Data were collected from 18 Herbaceous Diversity Network (HerbDivNet) grassland sites located in 12 countries. Each of the 18 sites contained between two and six 8 × 8 m plots: 11 sites contained six plots, one site contained four plots, one site three plots and five sites contained two plots; giving a total of 83 plots. Most sites were chosen to represent a site-specific gradient in productivity based on their plant biomass production; with six plots (two replicates of low, medium and high productivity) located within the same region with little to no variation in climatic conditions. However, some sites contained fewer plots and did not show a prominent productivity gradient. A clear gradient in biomass production was captured in 11 sites. For each plot within a site, five soil subsamples to a depth of 10 cm were taken from four corners and the centre of the plot. Subsamples for microbial analyses were analysed separately, and soil properties were analysed from one composite sample per plot (n=83).
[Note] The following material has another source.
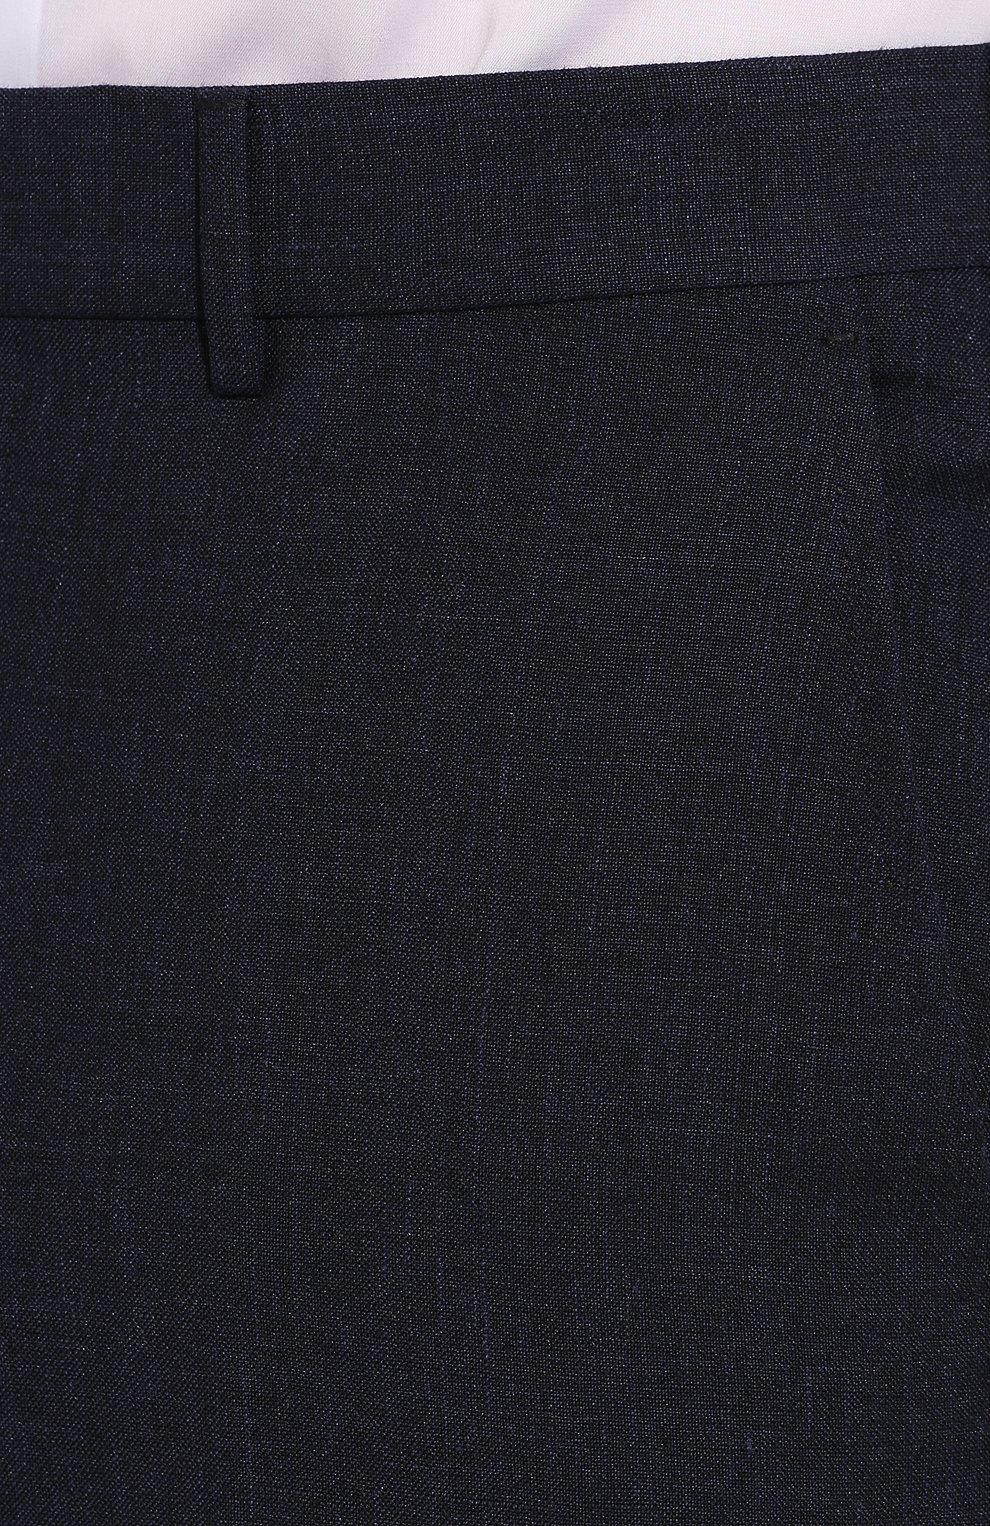 Мужские брюки из смеси льна и шерсти ERMENEGILDO ZEGNA темно-синего цвета, арт. 770F04/75TB12   Фото 5

Plant species presence and total aboveground biomass were measured from each m² of each 64 m² plot in a single event at the peak of the growing season. Mean annual precipitation (MAP) and temperature (MAT) were derived from the CHELSA database on the geographical position (latitude and longitude) of each plot. Data on total inorganic nitrogen deposition [kg/ha/yr] were derived from Ackerman et al. (2018). We analysed 14 soil properties: soil organic matter (SOM), total nitrogen (N), total carbon (C), total phosphorus (P), available P, base saturation (BS), cation exchange capacity (CEC), pH, soil texture (sand, clay, silt), extractable Ca, Mg and K. The bacterial 16S V4 region was amplified using the 515F-806R primer pair and the fungal ITS1 region was amplified using general fungal primers ITS1 and ITS2. The abundance of bacterial and fungal gene copies per sample was quantified using qPCR targeting the 16s V4 region for bacteria and the 18s region for fungi.